Kevin Stock and etc. proposed a framework for data reuse via associative reordering. It is target on higher order stencil computations. High order means the ratio of arithmetic operations to the number of distinct data accessed is high. With this feature, high order stencil computations seem to have more potential of parallelism which should achieve better performance than the bandwidth bounded low order stencil computations. But on the contrary, the performance will decrease with higher order because of increasing register pressure. For example, a N*N stencil computations, there will be N*(N-1) register reuses by each moving step. So the greater the N is, the more likely register spilling will happen.

Focused on this problem, Kevin proposed a compiler framework which they claim the first for enhancing locality by exploit the associativity of operations.

They characterize  stencil computations by a read set and a write set. The computation can be model by many-to-many set of edges from the read set to write set. For the original unoptimized stencil computation: out[i][j] + = in[i+ii][j+jj] * w[ii][jj] (-k<=ii<=k). It can be see as a read set [i-k,i+k][j-k,j+k] mapping to [i][j] with all the edges in a Cartesian space. As the computations in this stencil computation can be organized in any order, so the edges can be moved around.

for (i = 1; i < N – 1; i++) {

S1:   OUT[i]    =  W[0] * IN[i – 1];

S2:   OUT[i] +=  W[1] * IN[i];

S3:   OUT[i] +=  W[2] * IN[i+1];

}

They proposed a abstract representation of the stencil computations. For statement S surrounded by P loops, the iteration set can be represented by:

I_S  = { i, j, k, … |a₁<=i<=b₁, a₁<=j<=b₁, a₁<=k<=b₁}

Such as: I_S1  = { i |1 <= i < N-1}

For statement S: A[i][j-2] = …, data accessed can be represented by:

f^A_S  : (i, j – 2)

Such as: IN[i – 1] in S1,  f^IN_S1  : (i-1)

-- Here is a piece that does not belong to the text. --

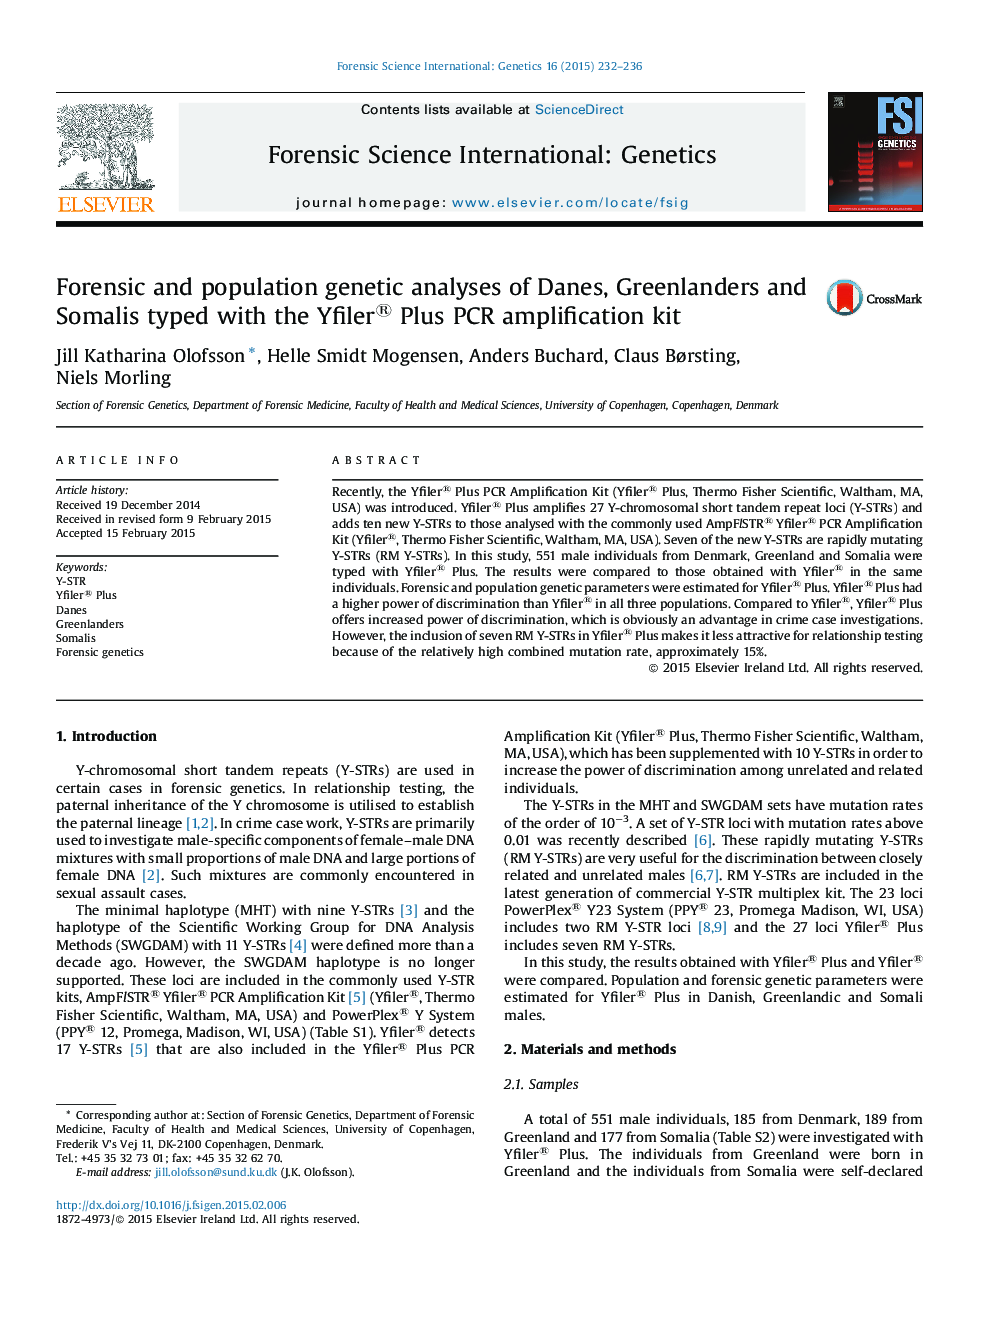 Forensic and population genetic analyses of Danes, Greenlanders and Somalis typed with the Yfiler® Plus PCR amplification kit

For S surrounded by P loops, Program execution order can be represented with a vector with length 2 * P + 1. The odd elements in the vector are scalars indicate the interleaving of loops and statements, the even elements are the affine expression of the surrounding loops.

Ts = {a, i, b, j, c, k, d, …}   (i,j,k are affine expression, a, b, c, d are scalars)

Such as:

T_S1 : (0,i,0)  T_S2 : (0,i,1)   T_S3 : (0,i,2)

With this representation, loop transformation can be seen as mapping the original execution orders T to a new T’.